The first event in which she made the limiting decision: The second month in the womb.  She felt her mother’s frustration, upset, and anger.  She felt so sorry for her.  Her life has been so hard.  She feels her mother’s fear of having a child.  So Melanie keeps trying to give to her, and is only focused on giving her what she needs, instead of her own needs.  She feels her own needs would be too much for her mother.
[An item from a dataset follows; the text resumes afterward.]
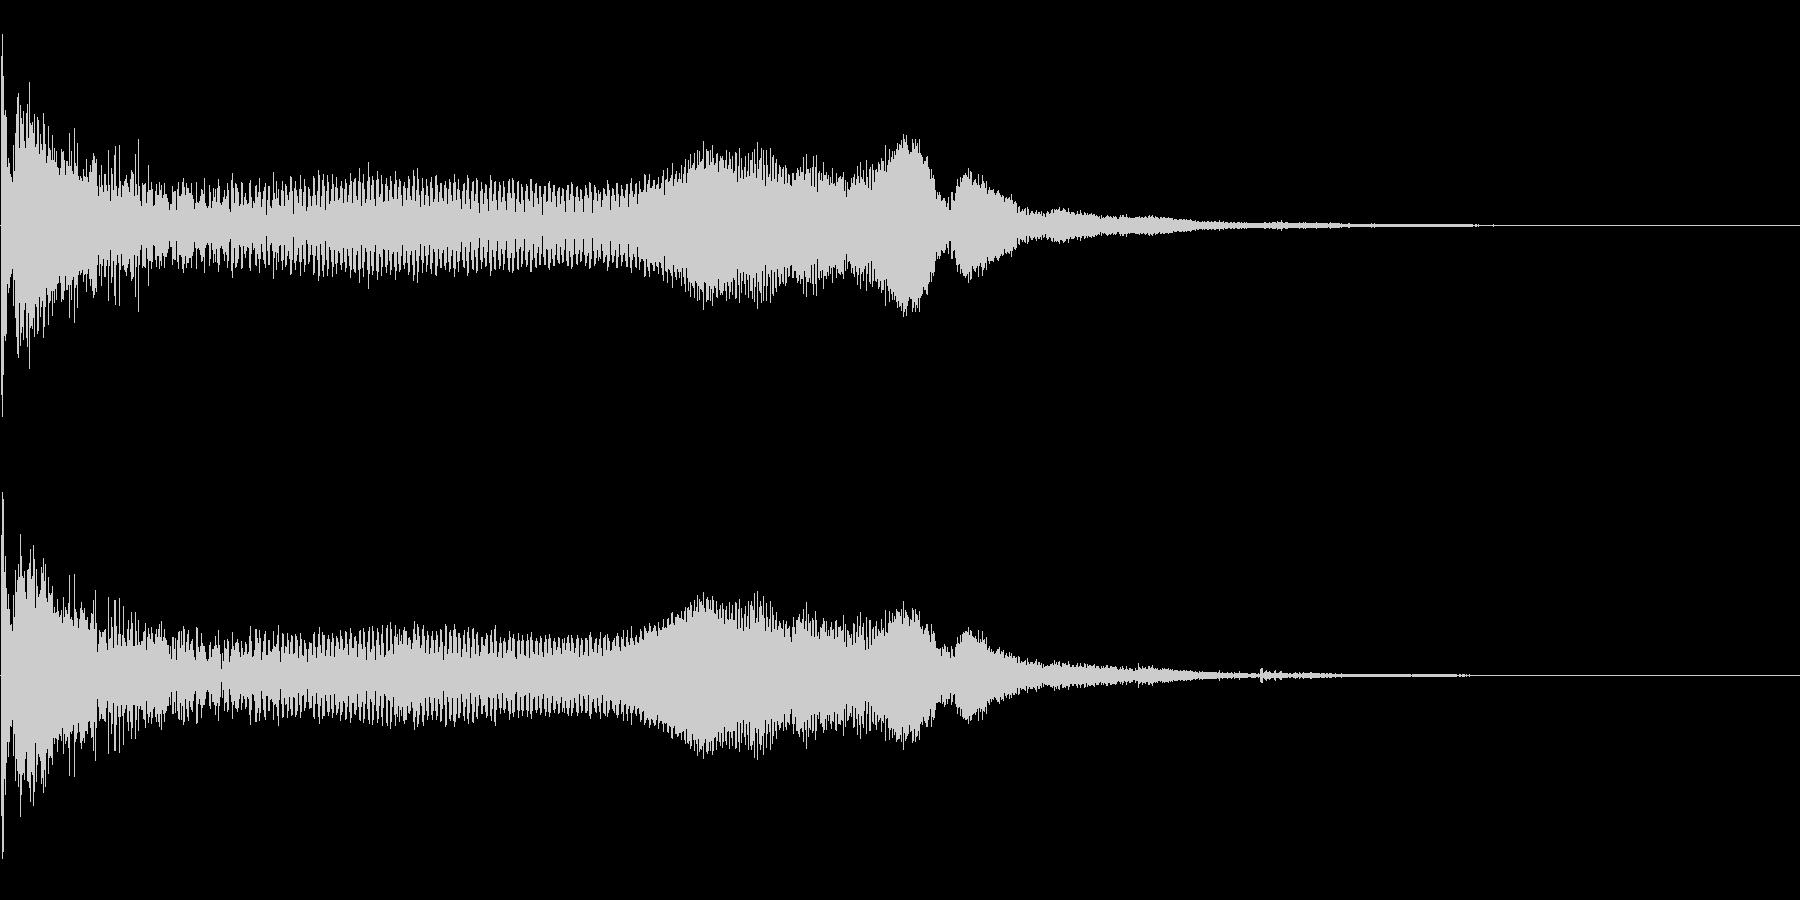 重い金属系 タイトルロゴ、アイキャッチ音の未再生の波形

Transcript Excerpts of Jane’s Teachings during the TimeLine Process: “The real issue here is that you loved your mother, and love is what you had to give her.  You couldn’t solve her problems.  You couldn’t solve the fear, frustration, or pain, because that was of her own creating.  That was her own path.  That was what she needed to be working through in her lifetime.  And trying to take it from her, or do it for her is a co-dependent process.  But what’s fueling it is love.  You were a loving, loving being and this was your idea of expressing love to her, giving her what you thought she needed.  But what you could give her, which would benefit both you and her, is expressing love.  Whether or not she had the channel open to receive your love is not your responsibility.  You expressing love to her leaves you free to feel your own needs.  Whatever needs you have is a part of your living organism. That is just truth.  And because it is truth, it a part of Divine expression.  And trying to block your own needs is blocking the Divine flow of things.  It is moving you out of truth, and that causes a distortion in your experience, and it doesn’t help her.  What your mother was expressing that she wanted was a substitute for what she really needed, and therefore a distortion of truth.  It was a part of her dysfunctional structure of life, and so if you had been able to give it to her, you would just be contributing to feeding that dysfunctional reality she was locking herself into.

So the only thing that was there for you to do toward your mother was love her.  The truth is, underneath most pain really is love, and this is a really good example of that.  What’s underneath your sadness in relation to your mother was love and is still love.”